I've always run Linux on my laptops. Now however I've switched on my gaming desktop as well, after W11 started randomly waking from sleep. Haven't had an issue yet. Sure, not everything gaming wise is entirely perfect (though tbh you could almost believe the games were built for Linux) but I figure that if I don't switch why would anyone else do so?

[–] AccountMaker@slrpnk.net 2 points 1 year ago

We had to do a presentation on whatever in computer class in the first year of secondary school, and I chose Linux for no apparent reason. I just kinda knew that it existed and thought what the hell.

My 'researching' led me to see what Linux offered, to learn about FOSS, listen to Stallman, and I loved tinkering so I made a dual boot (and thus learned about partitions, boot flags and such) and never looked back. ~~Even when I installed linux on my newly acquired PC a few days ago and found out that since the kernel version 5.13 some motherboards receive failure on all USB 3.0 ports and I have to fuck around with that why can't you just fucking work right away for once~~

[–] jownz@lemmy.world 2 points 1 year ago* (last edited 1 year ago)

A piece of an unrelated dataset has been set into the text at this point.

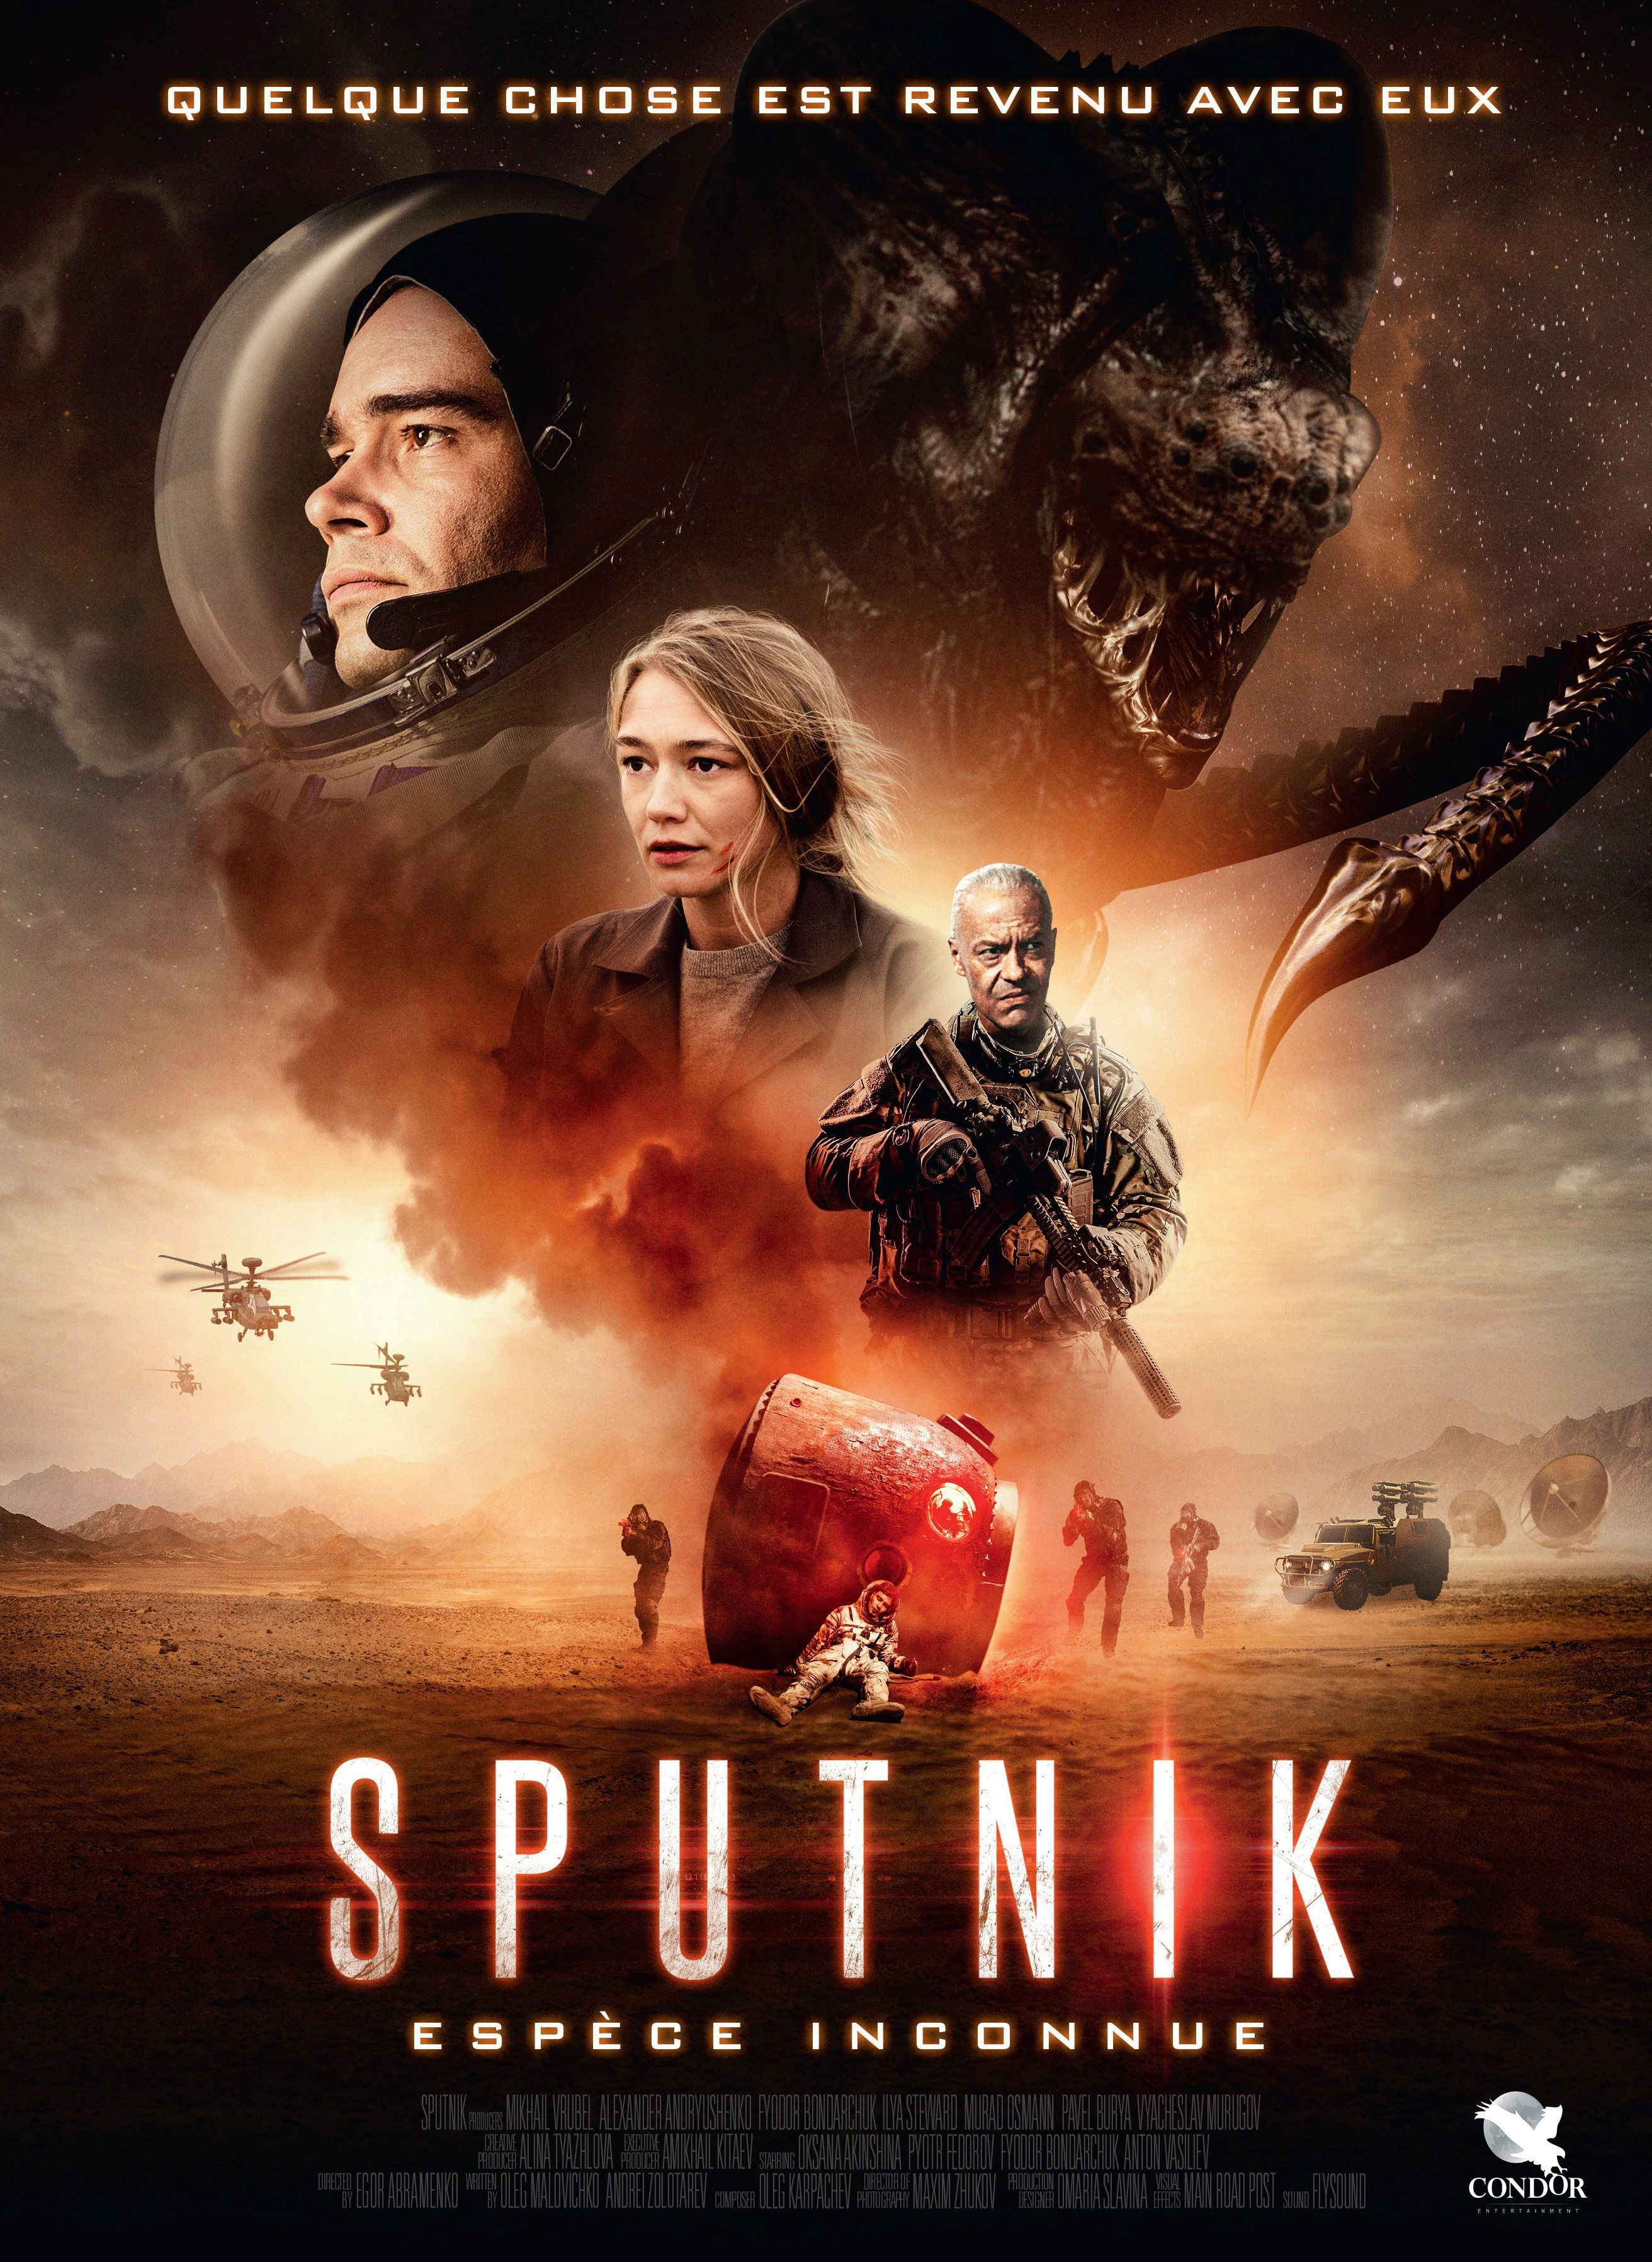 Sputnik, espèce inconnue - Film (2021)

It was love at first sight when I saw xeyes in a desktop environment with multiple workspaces, then the colorized terminal was a cherry on top. DOS and windows 95 were the other main options at this time around the mid-90s. Needing the boot disk and root disk to bootstrap the system was a real adventure for teenage me. The adventure continues almost 30 years later.

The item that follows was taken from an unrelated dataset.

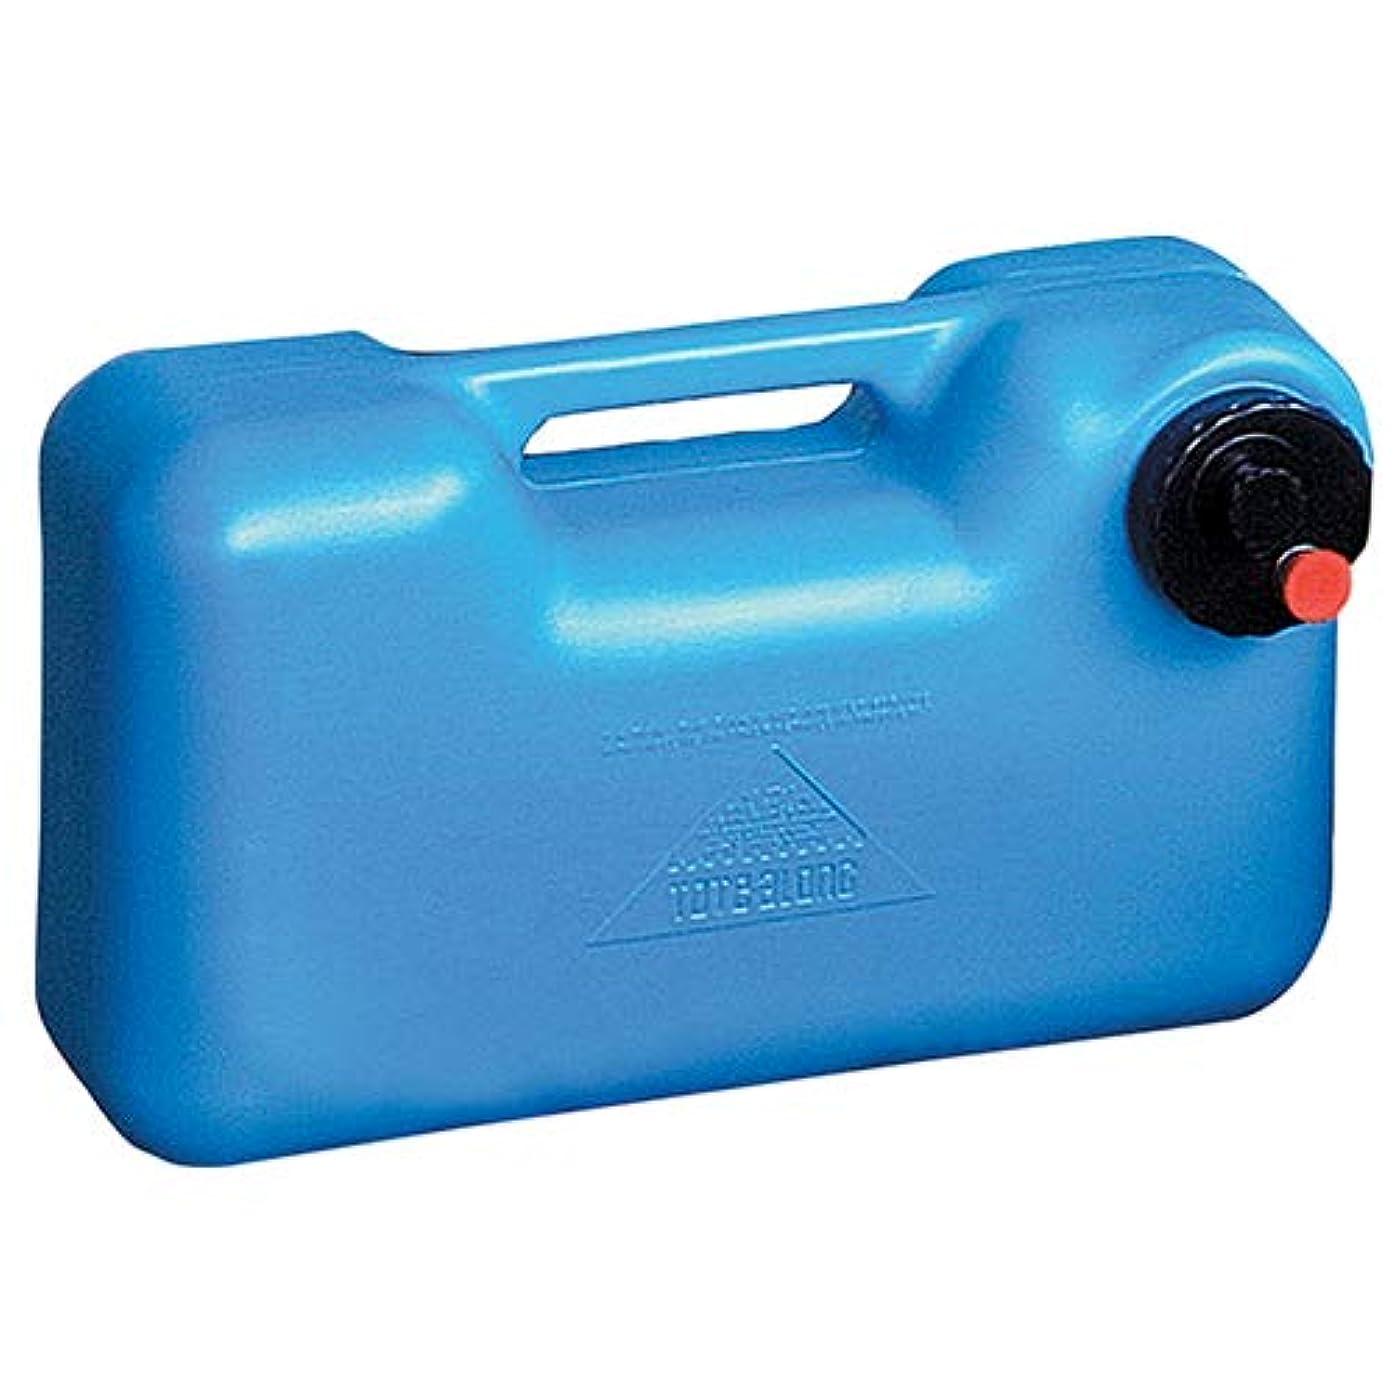 Barker Manufacturing Company 10887 Barker 5 Gallon Tote-Along Drain Water Tank

[–] minibyte@sh.itjust.works 2 points 1 year ago

I was running XP at the time wanting a change. Meanwhile, a neighbor moved from Window ME to Vista and asked for help setting it up. I had never been SO irritated at an OS in my life.

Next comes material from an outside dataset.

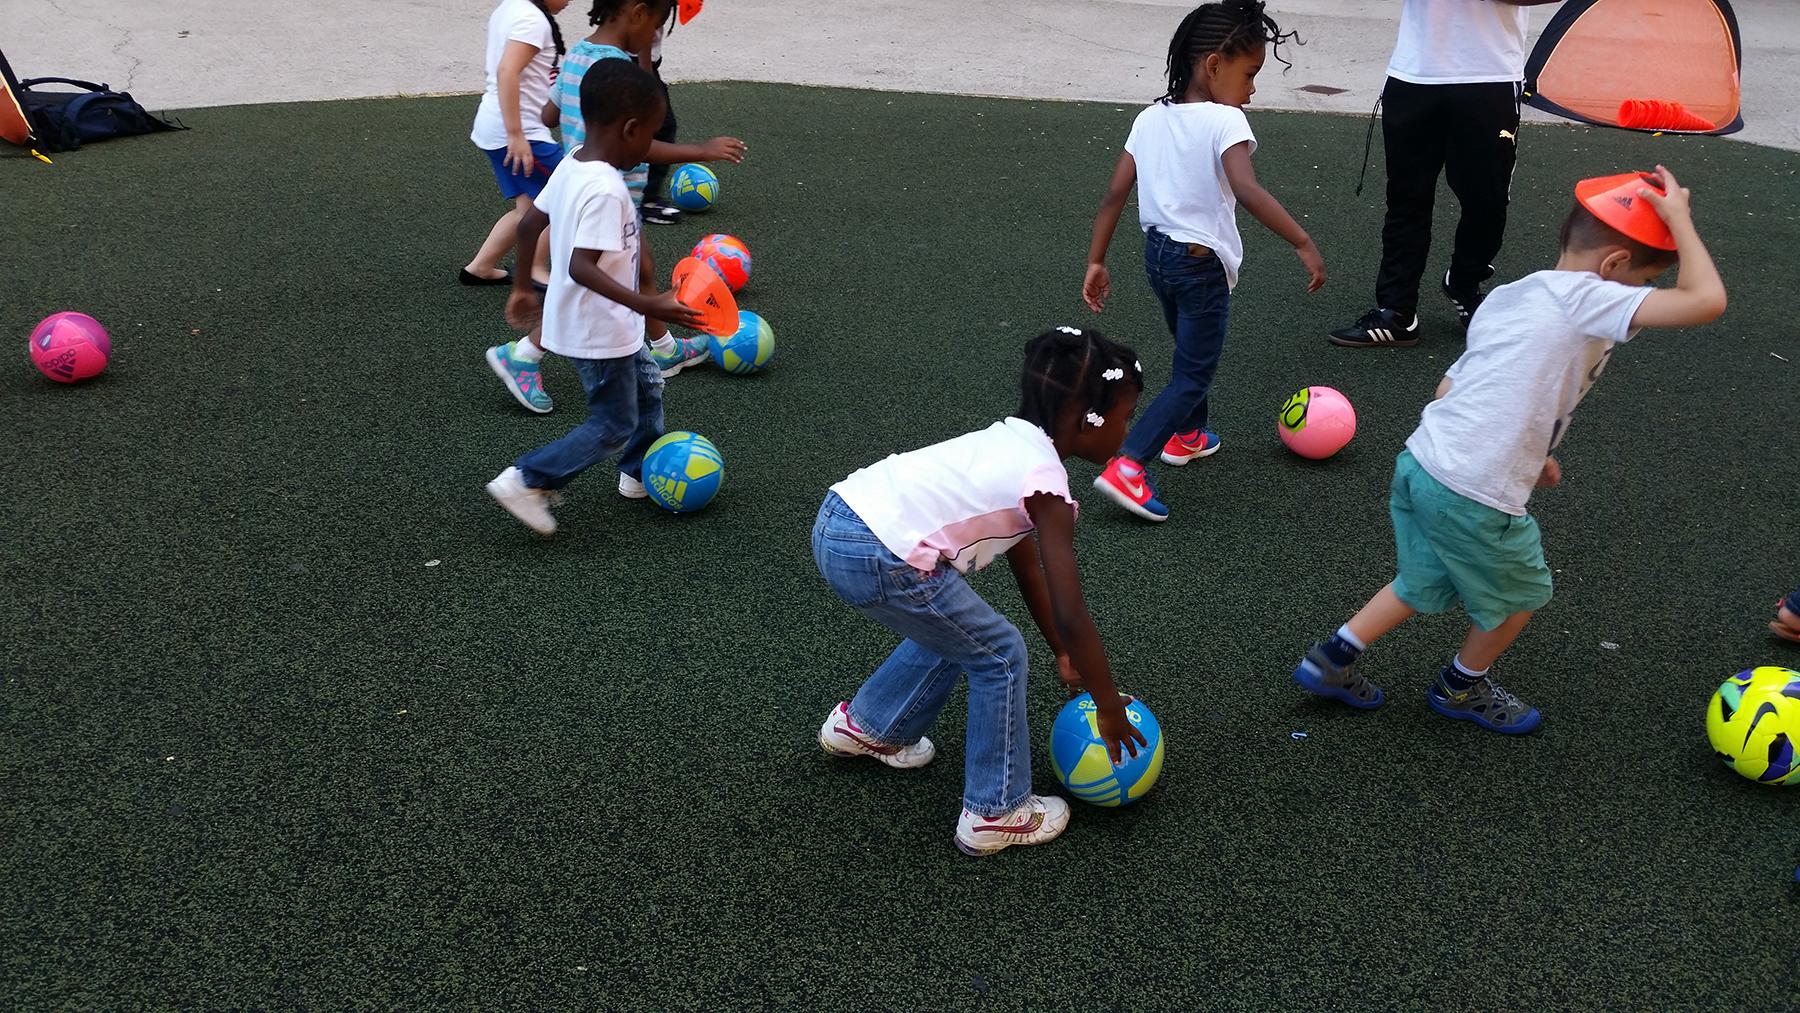 Universal Kids Soccer - Universal Kids Soccer - Soccer instructions

Enter Debian LTS, which I’ve been running ever since.

[–] ani@endlesstalk.org 2 points 1 year ago

I found an Ubuntu CD room in the trash, searched about it on the Web, which led me to install it on a low-end PC I had

[–] Crack0n7uesday@lemmy.world 2 points 1 year ago* (last edited 1 year ago)

Got an entry level job as a network engineer at a large ISP that everyone has heard of, six months later I'm taking the RHCA and the rest is history.

[–] rtxn@lemmy.world 2 points 1 year ago

I had dual boot with Win10, which I used for almost everything, and Arch, for SSH-able stuff for work and university. One day Windows decided to nuke both the EFI partition and Arch, which made Windows itself unbootable, so I just wiped the entire disk and installed Manjaro. Now I'm a sysadmin and I don't think I could do my job if I had to use Windows.

[–] nelov@feddit.de 2 points 1 year ago

I was broke and my hard drive failed. I've heard/read somewhere that Linux can be booted of a live cd, something quite new back in the days(like 15 years ago?). So I made one a used my broken laptop with broken hdd for about 7 months, just from the live session without persisting anything. It was a pain to wait for everything since most things would have to be loaded from the dvd, but it worked!

[–] neytjs@lemmy.ml 2 points 1 year ago

Windows XP Pro was the last Windows that you could install on as many of your machines as you wanted without contacting M$. When I found that out, I knew that XP would be my last Windows and that I would inevitably switch to Linux. When XP became totally obsolete, I permanently switched over to Linux Mint. I've never gone back to Windows and I have zero reason to ever do so. I promote Linux whenever I can.

[–] Comexs@monero.town 2 points 1 year ago

Windows 11 has a bug that when I'm in file explorer and a drag a file out of the window or drag to the file to list of folder or drives on the left side of file explorer. It will freeze file explorer for about one minute. This only happens once in a while. I was extremely frustrated with windows 11 bugs that I thought to switch back to Arch Linux for real this time and even if I bricked Arch Linux, I would reinstall. There is also that Windows 11 AMD CPU bug where it will start to hitch every once in a while, when I was on my desktop. I have been thinking of going back but I love customizability of Linux and bash.